Output transcripts to JSON (also .txt .srt .vtt)
Optimized for CPU (Including Apple Silicon ARM)
Timestamp precision to single word

Installation

Add dependency to project

npm install @lumen-labs-dev/whisper-node

Download a Whisper model [OPTIONAL]

npx whisper-node

Alternatively, the same downloader can be invoked as:

npx whisper-node download

Windows (precompiled binaries)

On Windows, whisper-node downloads precompiled Whisper binaries during install (or first use) and runs them directly — no local build tools are required.

To choose a binary flavor before installing:

setx WHISPER_WIN_FLAVOR cpu
# or: blas | cublas-11.8 | cublas-12.4

Ensure the Microsoft Visual C++ 2015–2022 Redistributable (x64) is installed. If you see error code 0xC0000135 when starting the binary, install the redistributable and retry.
Optional: point to a custom Windows binary subfolder inside lib/whisper.cpp:

setx WHISPER_WIN_BIN_DIR Win64
# examples: Win64 | BlasWin64 | CublasWin64-11.8 | CublasWin64-12.4

Non-Windows platforms still build from source when needed.

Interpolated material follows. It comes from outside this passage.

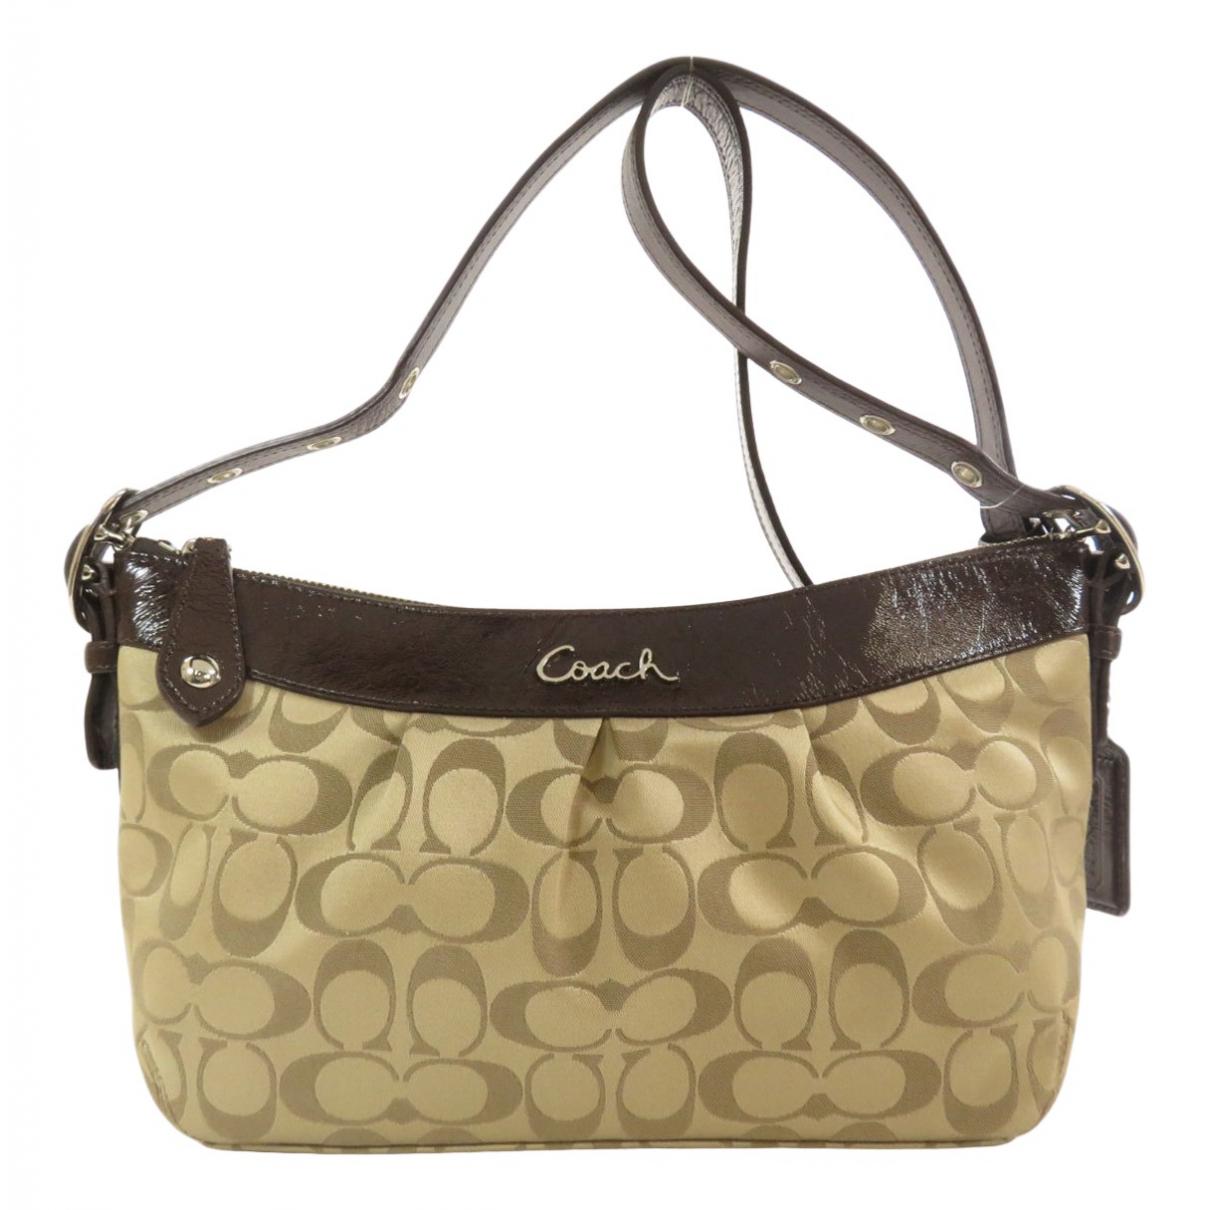 Coach \N Beige Cloth Clutch bag for Women \N
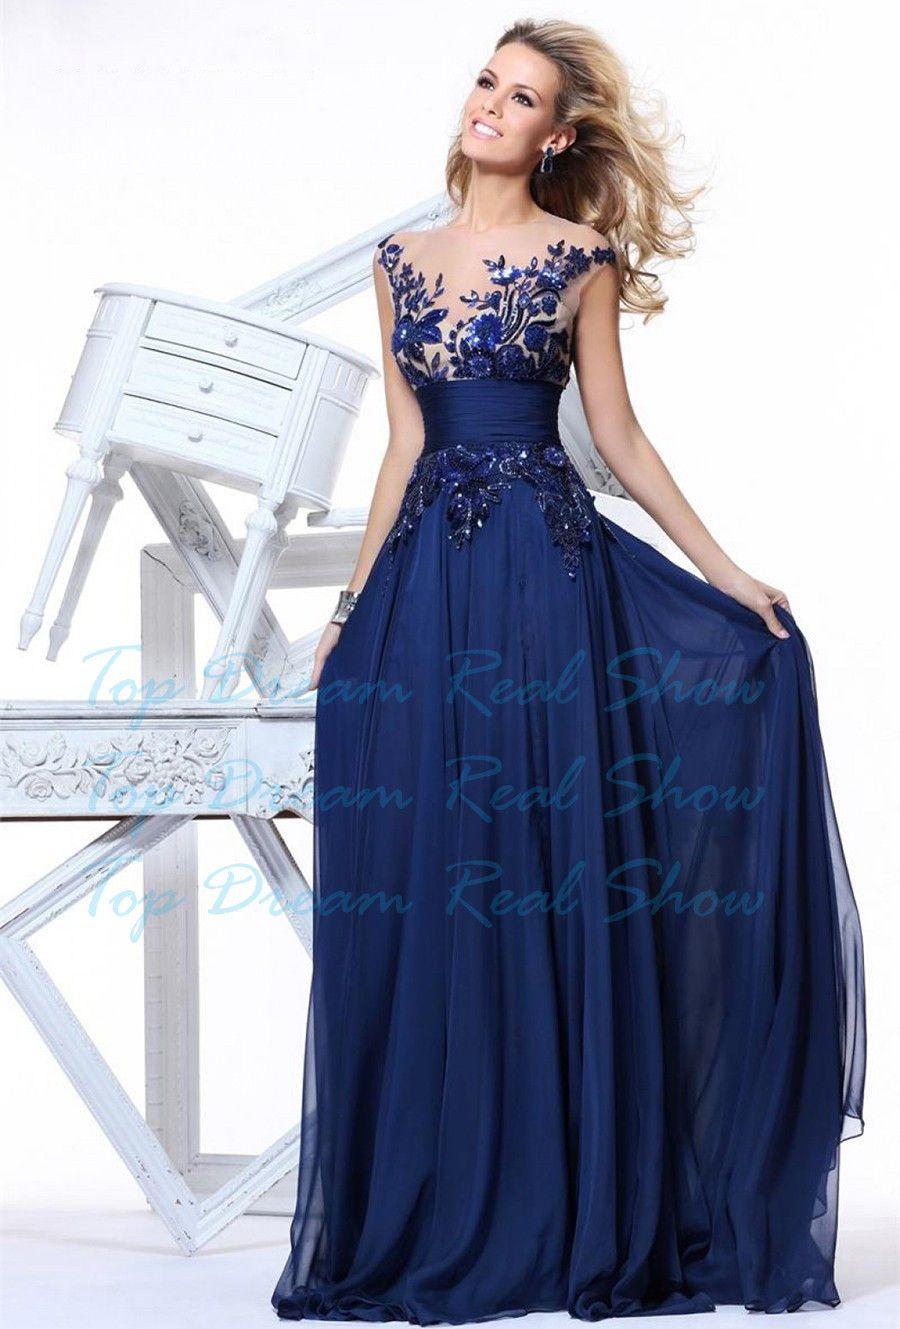 esVestidos Dresses Encontró Prom Se En Google Desde Asemic QrsdhCtx

If the package was installed without bundling lib/whisper.cpp, the downloader will automatically set up the upstream whisper.cpp assets inside node_modules/@lumen-labs-dev/whisper-node/lib/whisper.cpp. On Windows, this uses precompiled release archives; on non-Windows it may clone and build from source.

Usage

import { whisper } from '@lumen-labs-dev/whisper-node';

const transcript = await whisper("example/sample.wav");

console.log(transcript); // output: [ {start,end,speech} ]

Output (JSON)

[
  {
    "start":  "00:00:14.310", // time stamp begin
    "end":    "00:00:16.480", // time stamp end
    "speech": "howdy"         // transcription
  }
]

Full Options List

import { whisper } from '@lumen-labs-dev/whisper-node';

const filePath = "example/sample.wav"; // required

const options = {
  modelName: "base.en",       // default
  // modelPath: "/custom/path/to/model.bin", // use model in a custom directory (cannot use along with 'modelName')
  whisperOptions: {
    language: 'auto',          // default (use 'auto' for auto detect)
    gen_file_txt: false,      // outputs .txt file
    gen_file_subtitle: false, // outputs .srt file
    gen_file_vtt: false,      // outputs .vtt file
    // Enable per-word timestamps only if you really need them.
    // For typical sentence/segment output, leave this off.
    // When per-word is detected, whisper-node will automatically merge words into sentences.
    word_timestamps: false,
    no_timestamps: false,      // when true, Whisper prints only text (no [..] lines)
    // timestamp_size: 0      // cannot use along with word_timestamps:true
  },
  // Forwarded to shelljs.exec (defaults shown)
  shellOptions: {
    silent: true,
    async: false,
  }
}

const transcript = await whisper(filePath, options);

API

Function: whisper(filePath: string, options?: { modelName?, modelPath?, whisperOptions?, shellOptions? }) => Promise<ITranscriptLine[]>
Models: pass either modelName (one of the official names) or a modelPath pointing to a .bin file. Do not pass both.
Return: array of { start, end, speech } objects parsed from Whisper's console output.

Notes:

Setting no_timestamps: true changes Whisper's console output format. Since the JSON parser expects [start --> end] text lines, using no_timestamps: true will typically yield an empty array. Prefer timestamp_size (segment-level) or word_timestamps (word-level) when you need structured JSON.
If you enable word_timestamps, whisper-node will auto-merge single-word lines into sentence-level segments using pause and punctuation heuristics. You can still access raw lines before merge by calling the underlying CLI yourself.
You can still generate .txt/.srt/.vtt files via gen_file_* flags even if you don't use the JSON array.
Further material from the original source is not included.